En ce qui me concerne, j’applique les « consignes » du SE-Unsa :
- s’en tenir à la simple transmission des informations de l’administration vers les collègues et les parents ;
- réclamer à l’IEN (si ce n’est pas fourni automatiquement) les formulaires et lettres d’information pour transmission aux seules familles ayant des enfants repérés par leurs enseignants comme étant en grande difficulté en maths et/ou français ;
- récupérer les éventuelles inscriptions des familles ;
- transmettre à l’IEN la liste des collègues éventuellement intéressés pour encadrer ce stage ainsi que les demandes d’inscription des familles ;
- les directeurs fourniront évidemment aux parents ou aux collègues les coordonnées du Maire, de l’IEN ou de l’IA pour toute demande de précision à ce sujet : ils n’ont pas à faire ce travail.
- lors du conseil d’école, présenter le dispositif aux parents d’une manière très sobre.
Je dois dire que le travail s’arrête là et qu’il ne demande pas une débauche d’efforts. Il suffit d’appliquer ces consignes et le travail est fait. Ce qui montre, en passant, que la position du SE-Unsa est très réaliste.
Nous avons fourni une liste d’enfants en établissant un ordre de priorité. Nous avons privilégié les élèves susceptibles de profiter de la remise à niveau, ceux qui ne bénéficient d’aucun suivi à la maison et qui passent leurs vacances soit dans la rue soit au centre de loisirs.
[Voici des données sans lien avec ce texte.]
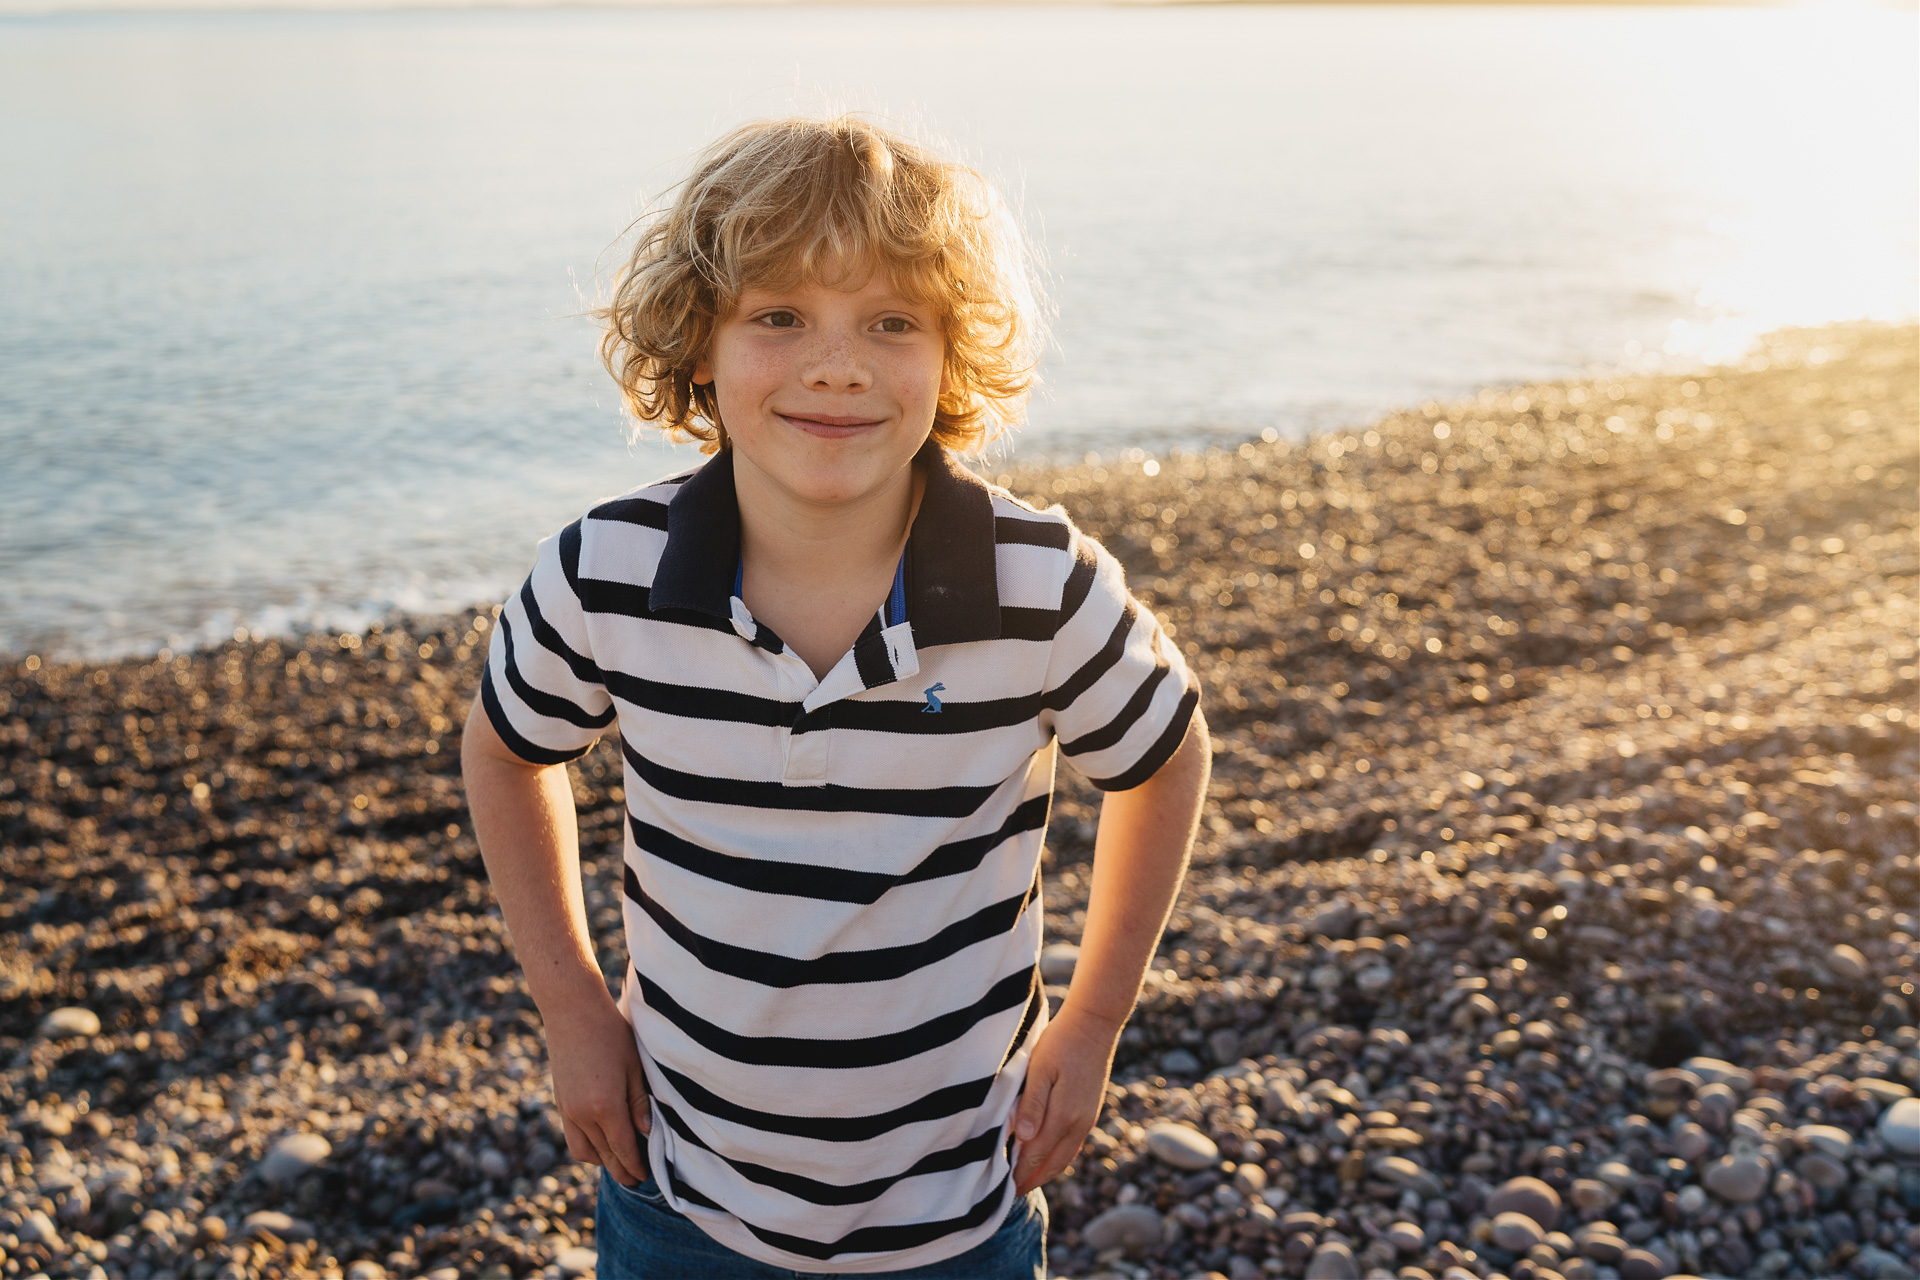 A young boy on a beach with the sun setting behind
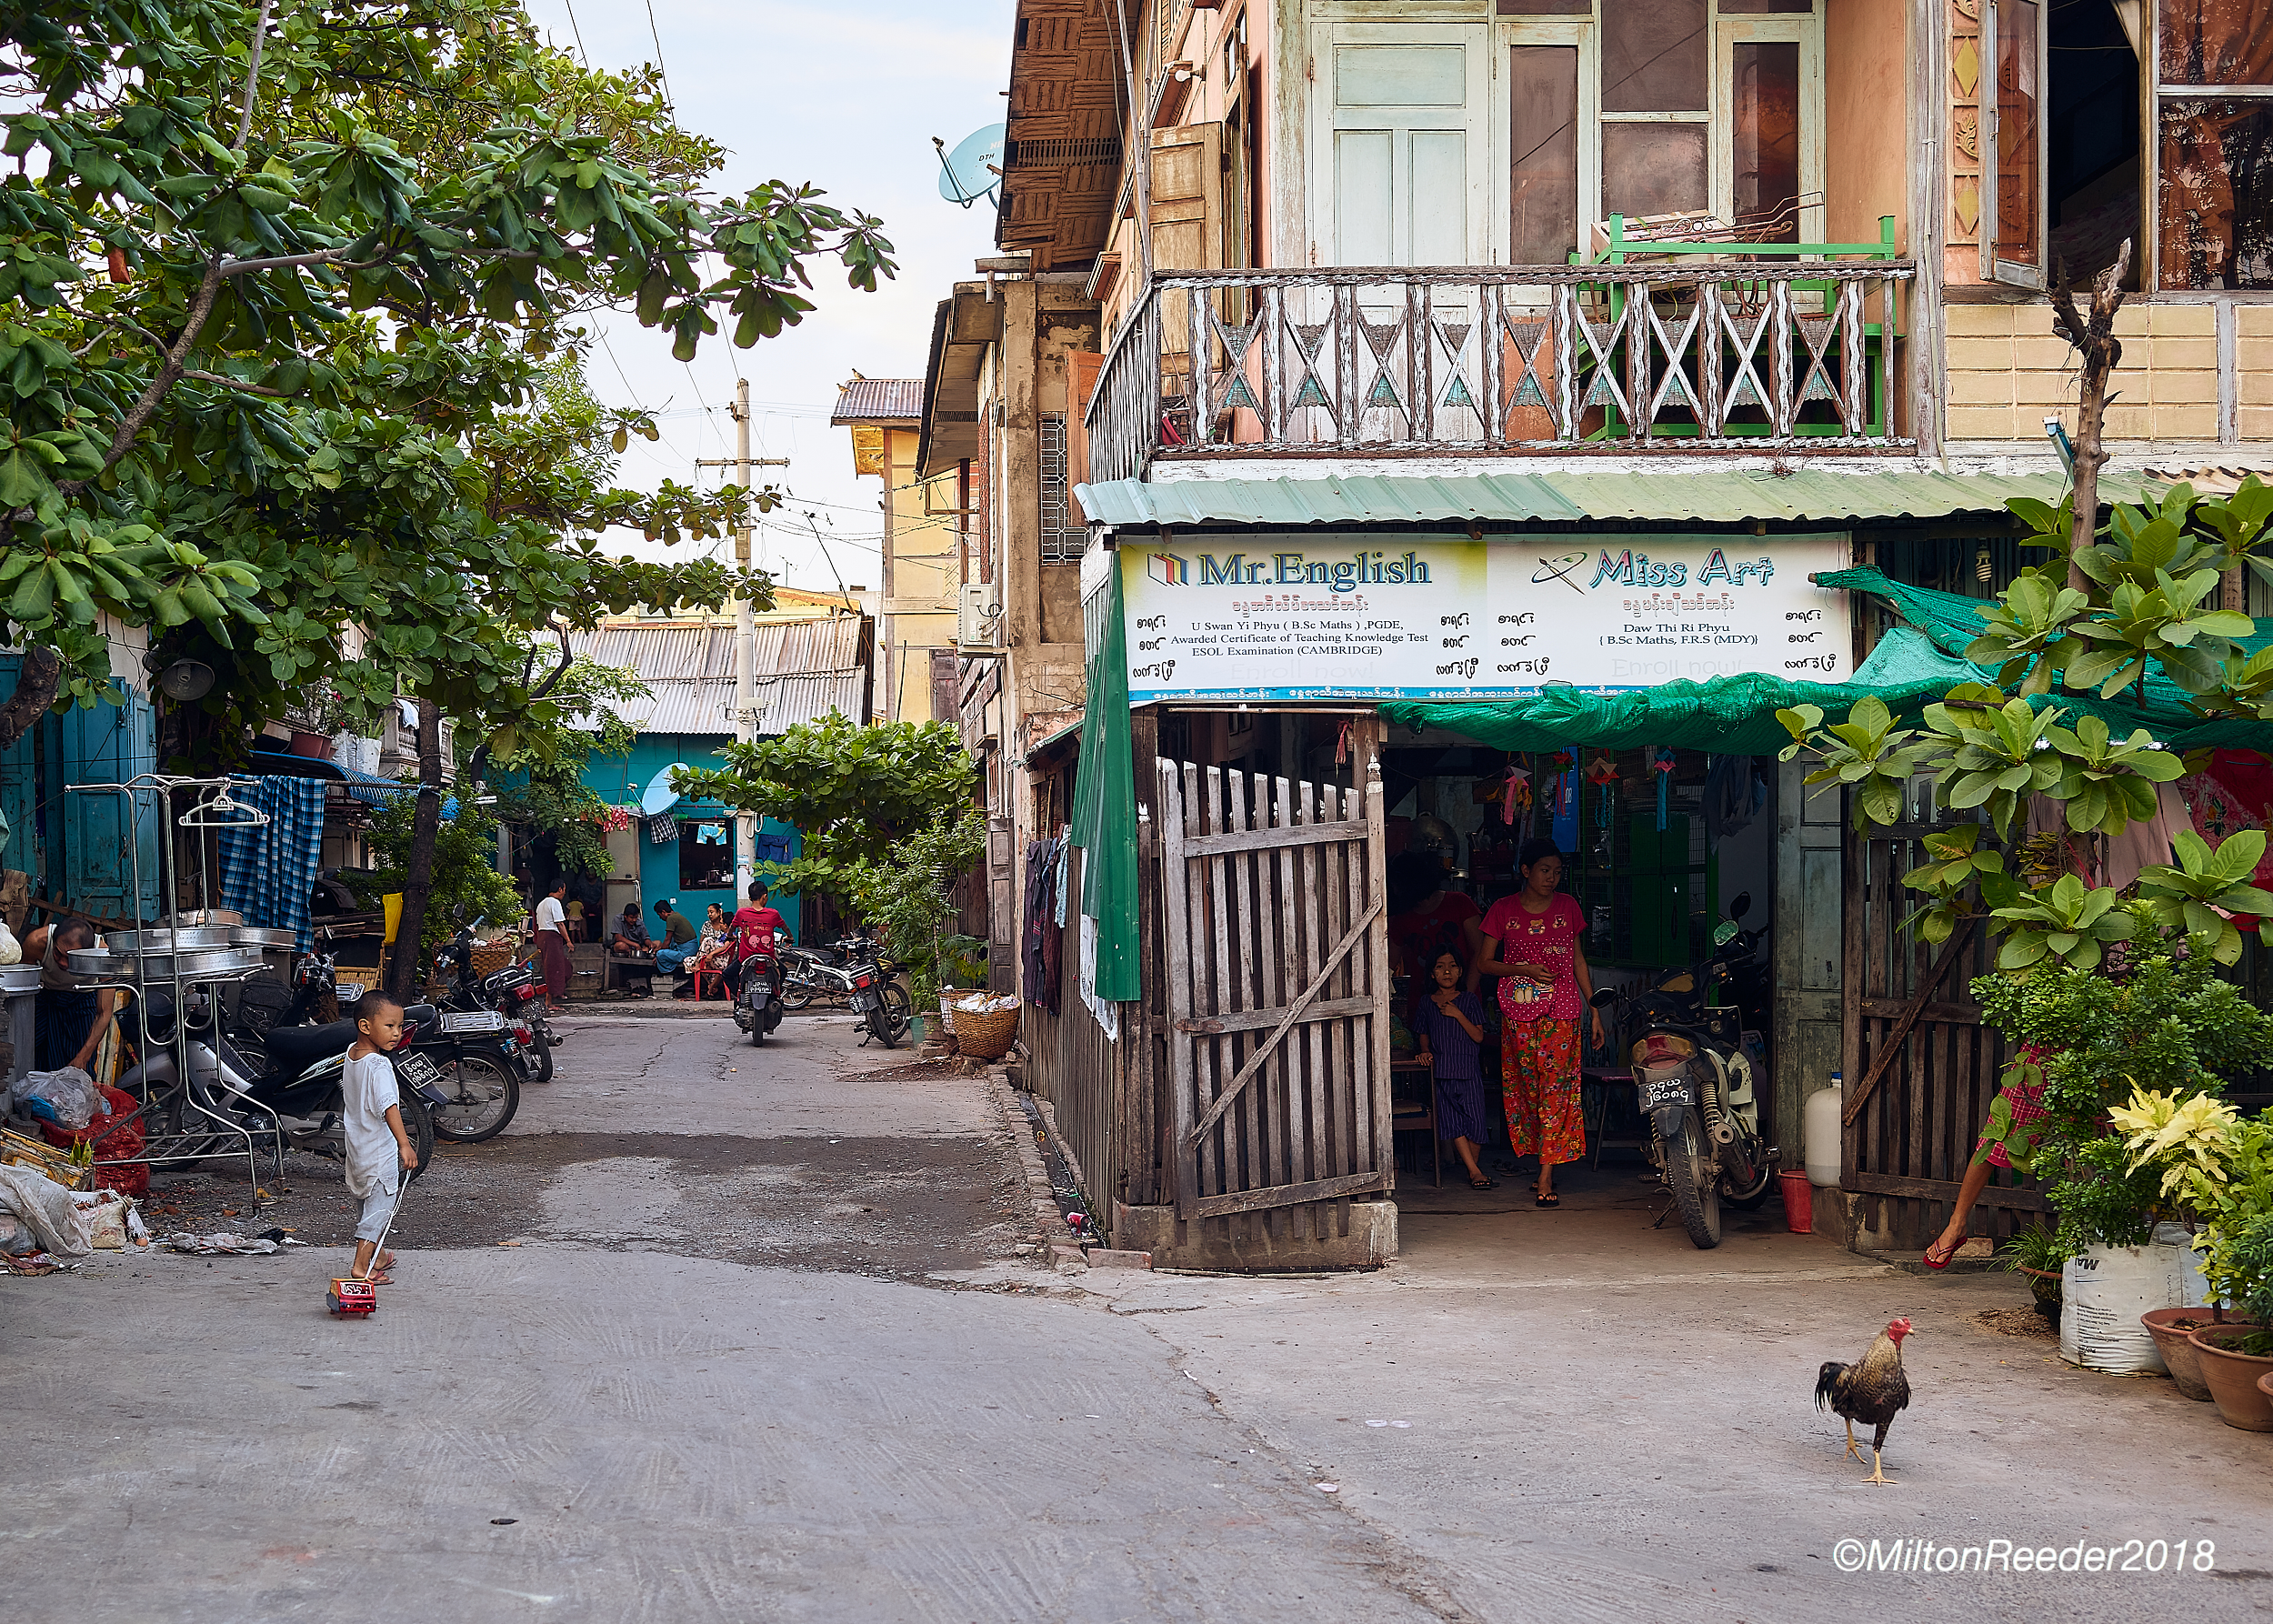 Boy and Rooster, Mandalay, Myanmar

Notre IEN nous a confié un stage. Les trois collègues volontaires se sont mis d’accord pour se répartir les sessions. Les maîtres de cours moyen (dont moi, à mi-temps) fourniront les éléments concernant les élèves retenus, comme nous le faisons en fin d’année lors de la répartition des classes.
Nous savons que ce n’est pas la panacée. Evidemment, nous regrettons tous de n’avoir pas plus de moyens (maître en surnombre, remplacements mieux assurés, membres du Rased…). En tant que directeur, j’estime indispensable d’avoir plus de temps à consacrer à mon école et cela passe par un statut, une décharge plus importante, une aide administrative sérieuse… Cependant, faut-il se contenter de dénoncer et accepter le statu quo ?
Pour conclure, je tiens à dire que nous ne savons pas si le dispositif sera efficace. Les faits nous le diront. Mais, il nous a semblé qu’il fallait l’essayer.